- EXERCISE GOAL -
Without changing a word, copy every line of the listing below and leave out the images.
(COLLECTED DATA Opens)
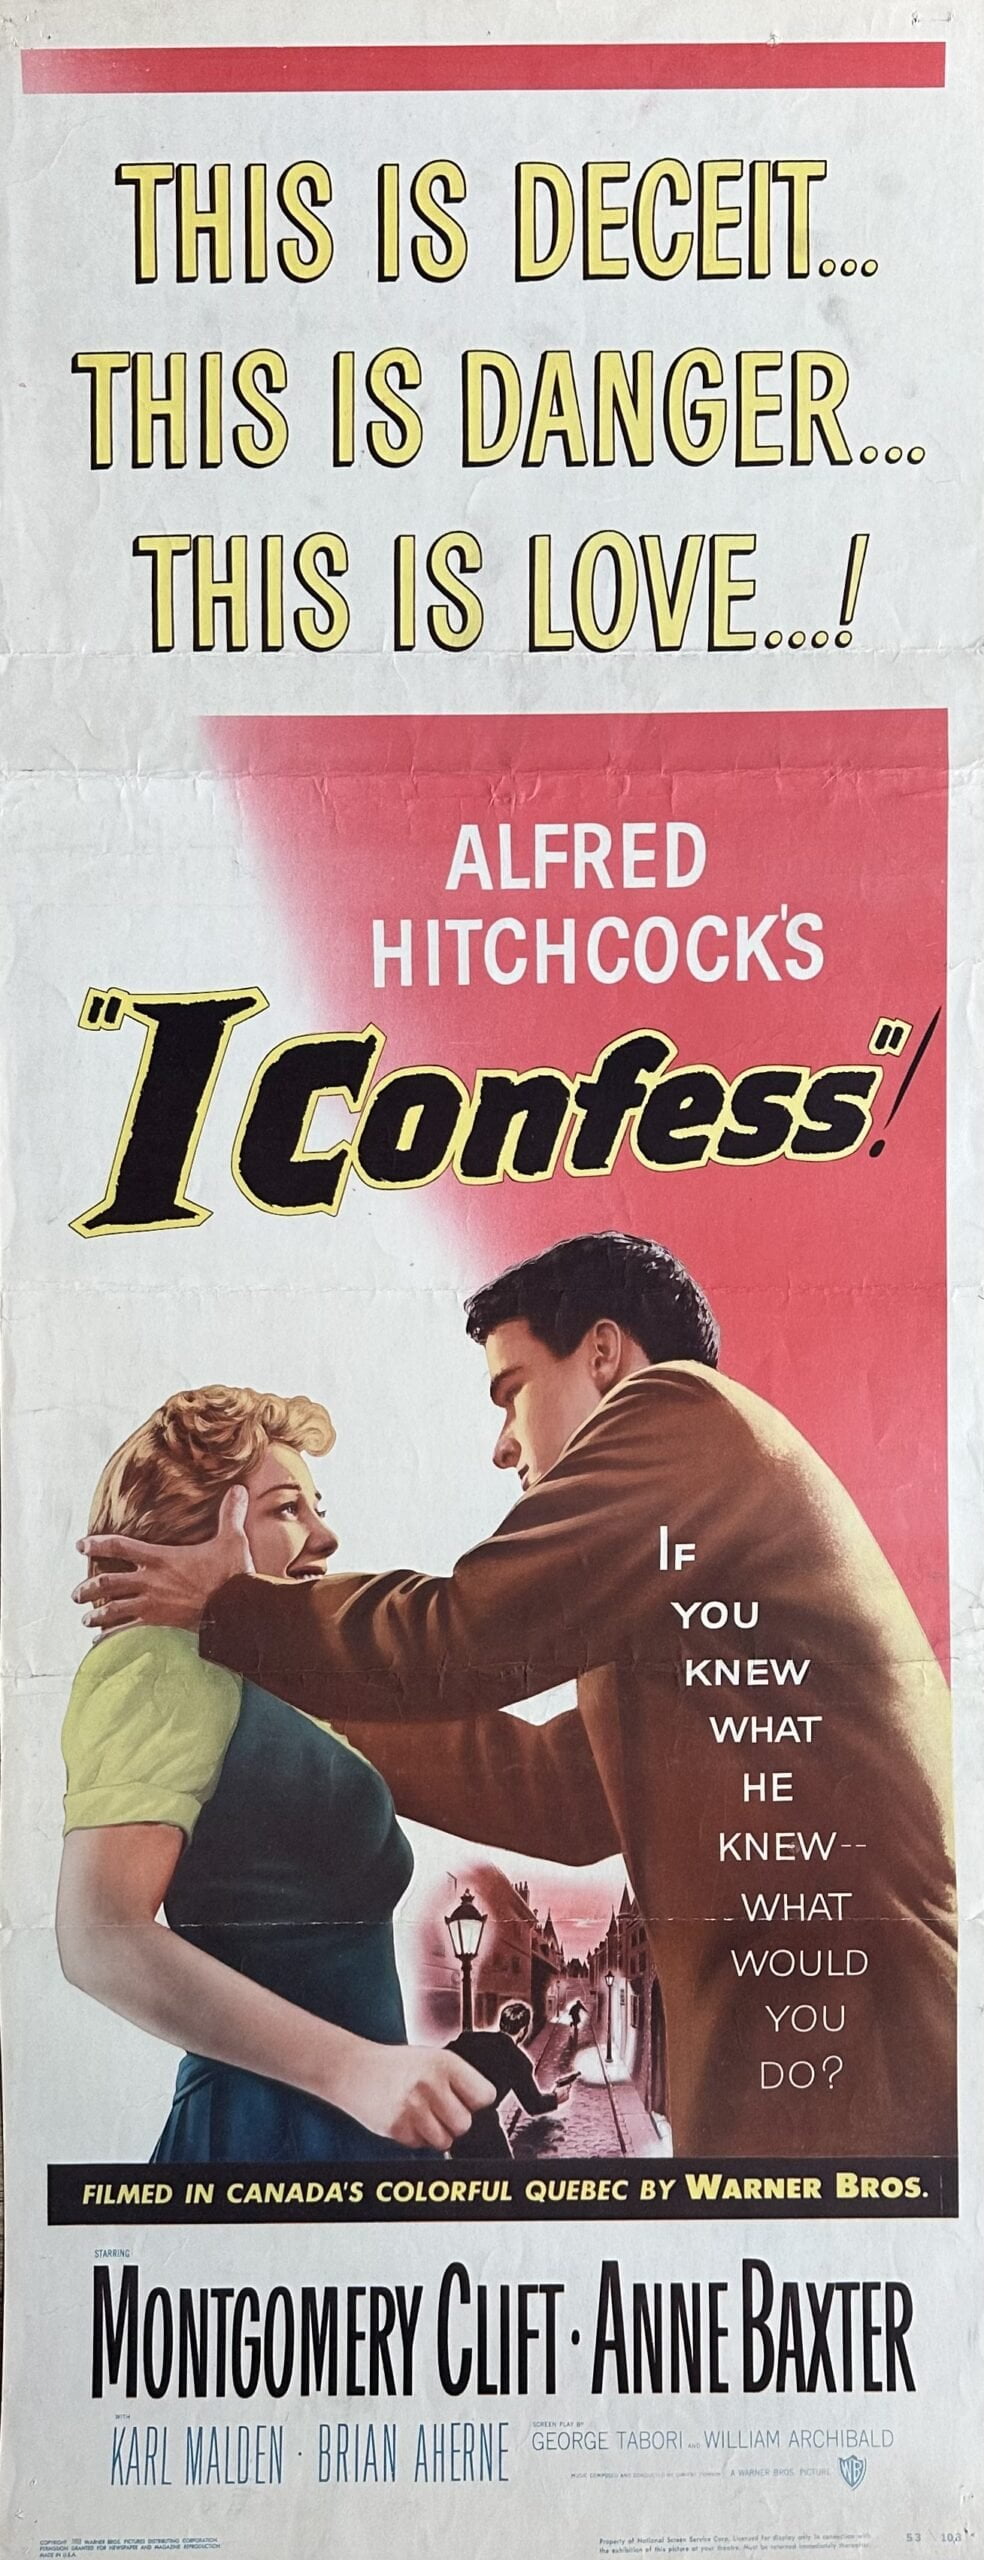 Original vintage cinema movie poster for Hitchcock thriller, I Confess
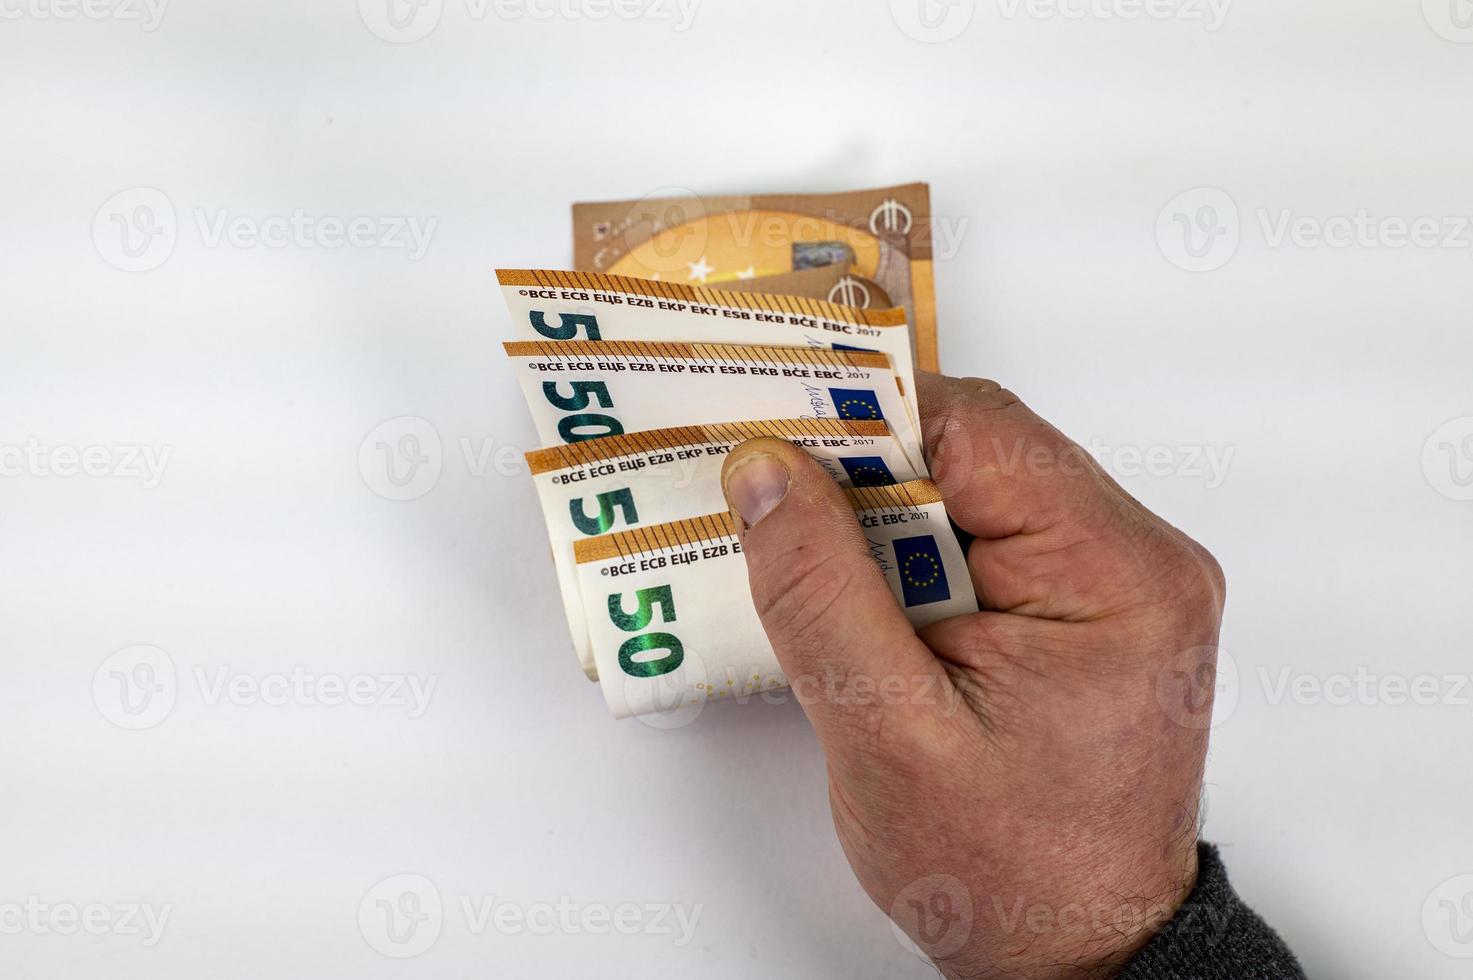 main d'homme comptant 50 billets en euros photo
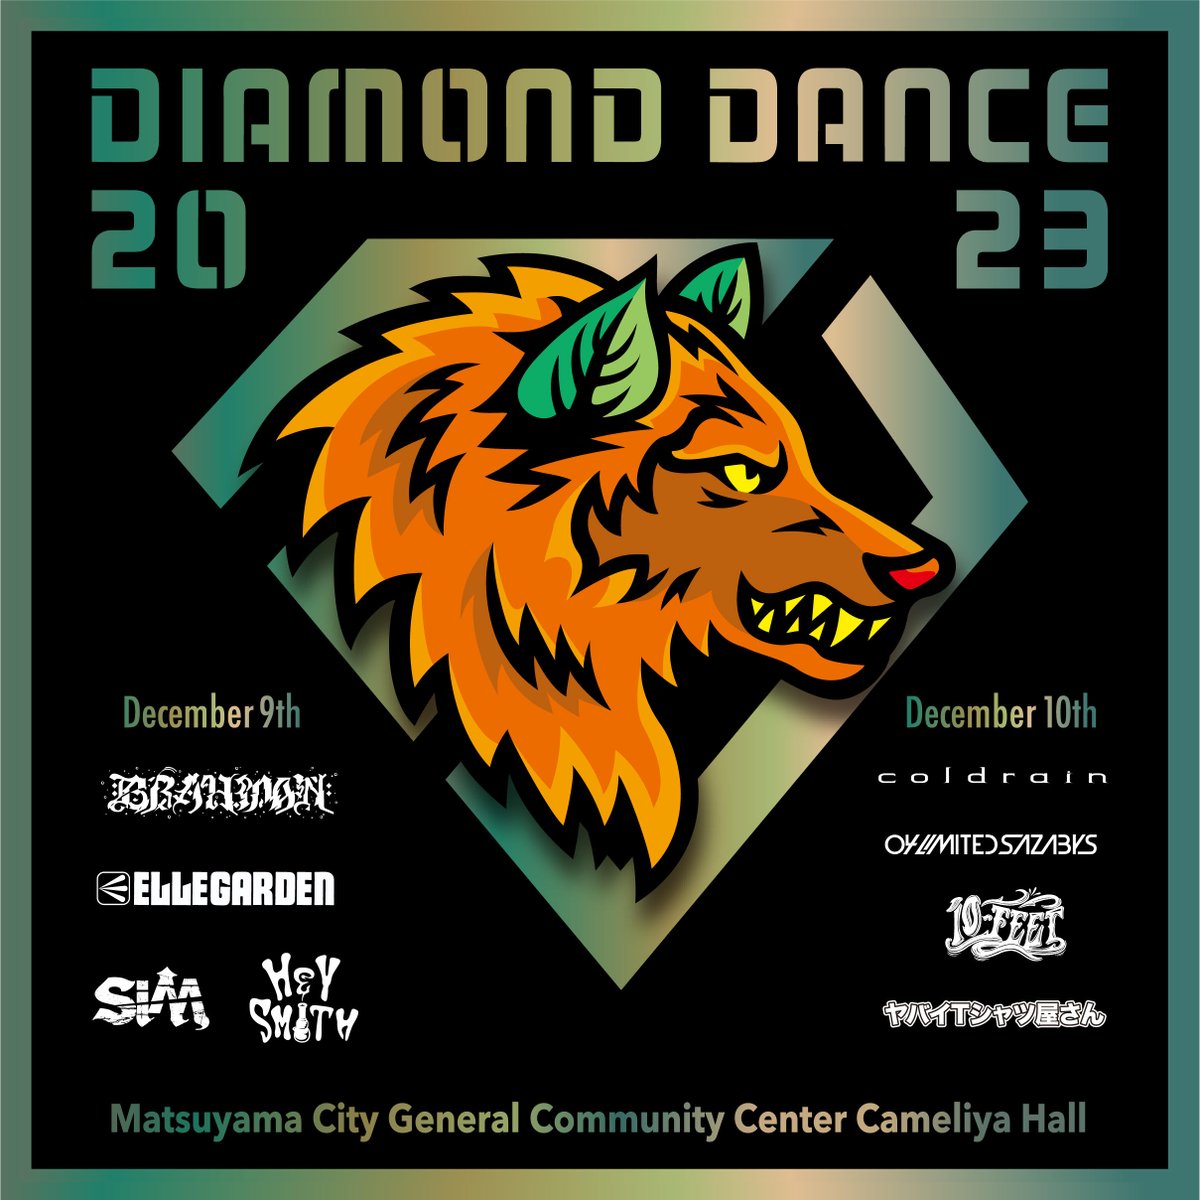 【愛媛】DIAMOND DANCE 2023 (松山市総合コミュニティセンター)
(COLLECTED DATA Closes)
- OUTPUT FOR THIS TASK -
 Original vintage cinema movie poster for Hitchcock thriller, I Confess
 main d'homme comptant 50 billets en euros photo
 【愛媛】DIAMOND DANCE 2023 (松山市総合コミュニティセンター)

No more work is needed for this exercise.